I met Lynn (not her real name) a few months ago at a club in town, and we’ve been friends since then. We see each other around, mostly by chance, and our friendship has strengthened. Born to a rich family at the coast, Lynn was educated at a private, “international” school in Mombasa and counted more white friends among her classmates than black Kenyan ones – you can tell by the absence of a Kenyan accent.

She’s bright, no doubt about it, and beautiful, with wild two-inch tufts of bleached blond hair, huge doe eyes, caramel skin and strong, bright white teeth. She could probably make a good living in front of the cameras in Cape Town but when she arrived in Nairobi she couldn’t find a job, so she became what she describes as a ‘chick hustler’ instead. She is only 20 years old and quite good at her job.

I sent her a SMS last week saying I wanted to write a piece about her.

Sawa” (Okay), she replied, and we arranged to meet the next day.

“What do you want to write about me?” Lynn asks when we sit down, leaning on the table and squinting at me with mock seriousness.

“A true story,” I reply. She’d heard it before. My SMS had mentioned it.

“Why? There’s nothing exceptional about me.”

“Well, you’re hardly ordinary,” I say.

Lynn shrugs and leans over to rest her arm on my leg, her new white Alcatel smartphone in her hand, batting her eyelids and gazing into my eyes as if she had just found Prince Charming.

“Hold on, I’m going to the bank,” she announces suddenly.

She is slim in a Kate Moss sort of way, skinny legs and all. She’s wearing a tight white sleeveless T-shirt, grey tights, and a pair of flat sandals with beads on the top – the kind you get at the various Maasai markets here. She’s got a small grey sling bag and a long striped scarf wrapped around her neck in five shades of grey. It looks like it’s woven from raw silk.

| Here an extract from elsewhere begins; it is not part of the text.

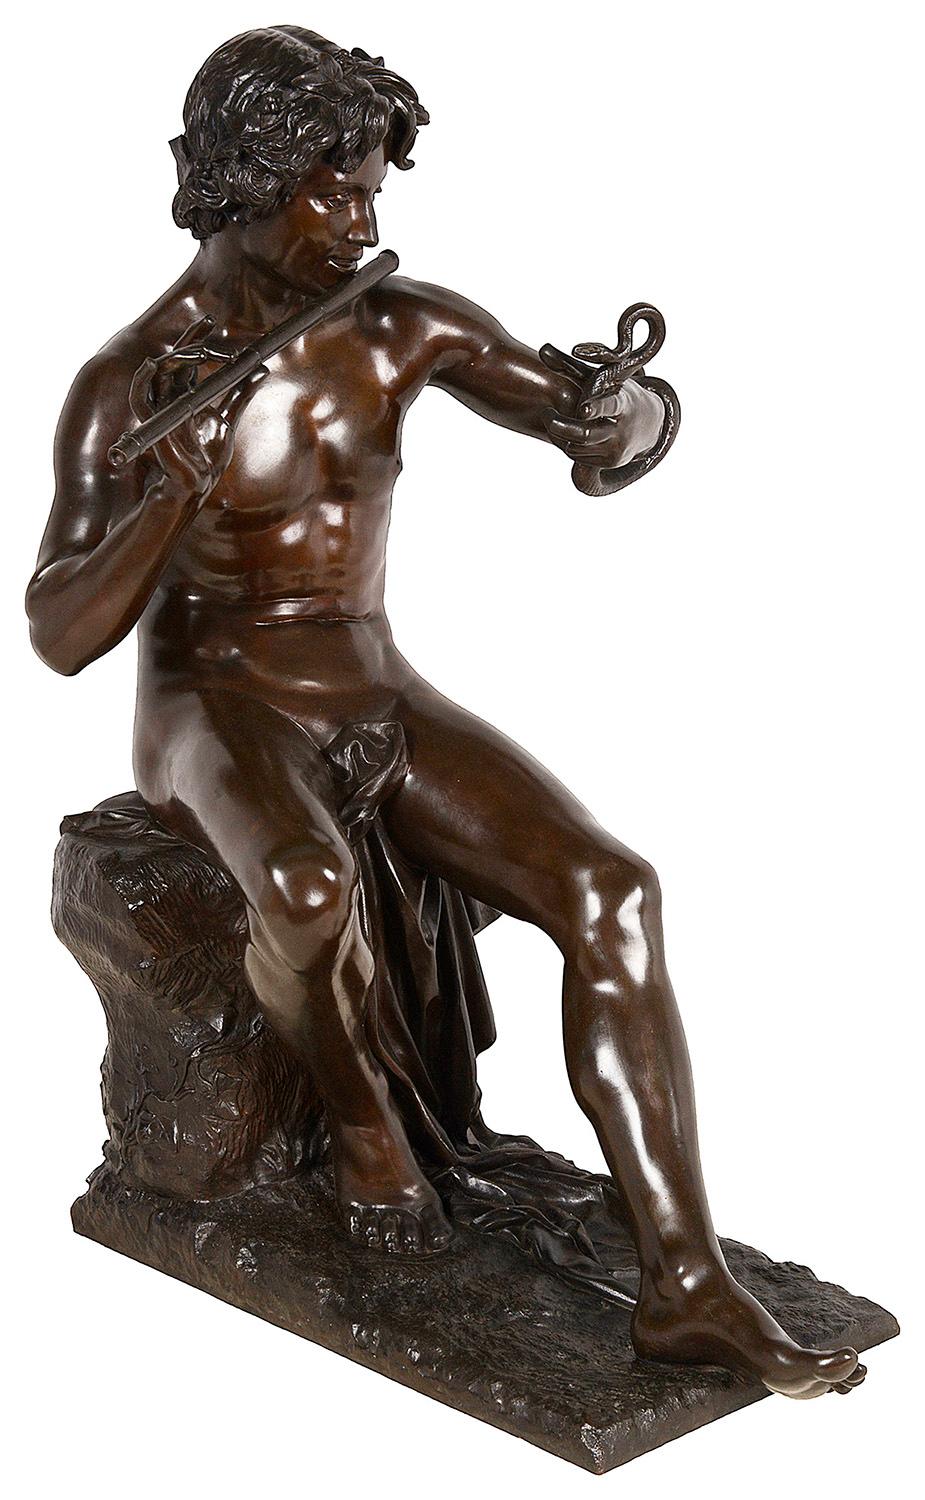 Handsome nude male snake charmer seated and playing a flute while holding the snake, gazing at it and watching it move. The sculpture has a beautiful patina signed A. Thabard. 
Thabard ( Adolphe Martial Thabard, important French listed sculptor

“The system was down when I got here,” she explains as she gets up. “I just need to draw some cash.”

She leaves me at the table, promising she’ll come back. I know Lynn well enough by now to be sceptical, but I wait anyway. Ten minutes later, she’s back. Heads turn to follow her entrance.

“Escort me downtown,” she immediately commands.

“Okay. Where are we going?” I ask, realising that my story is about to slip away.

“Just downtown! I’ve only got a little money. I can’t afford a taxi so I want to get a matatu (minibus taxi) to The Mayfair. It’ll be good there now.”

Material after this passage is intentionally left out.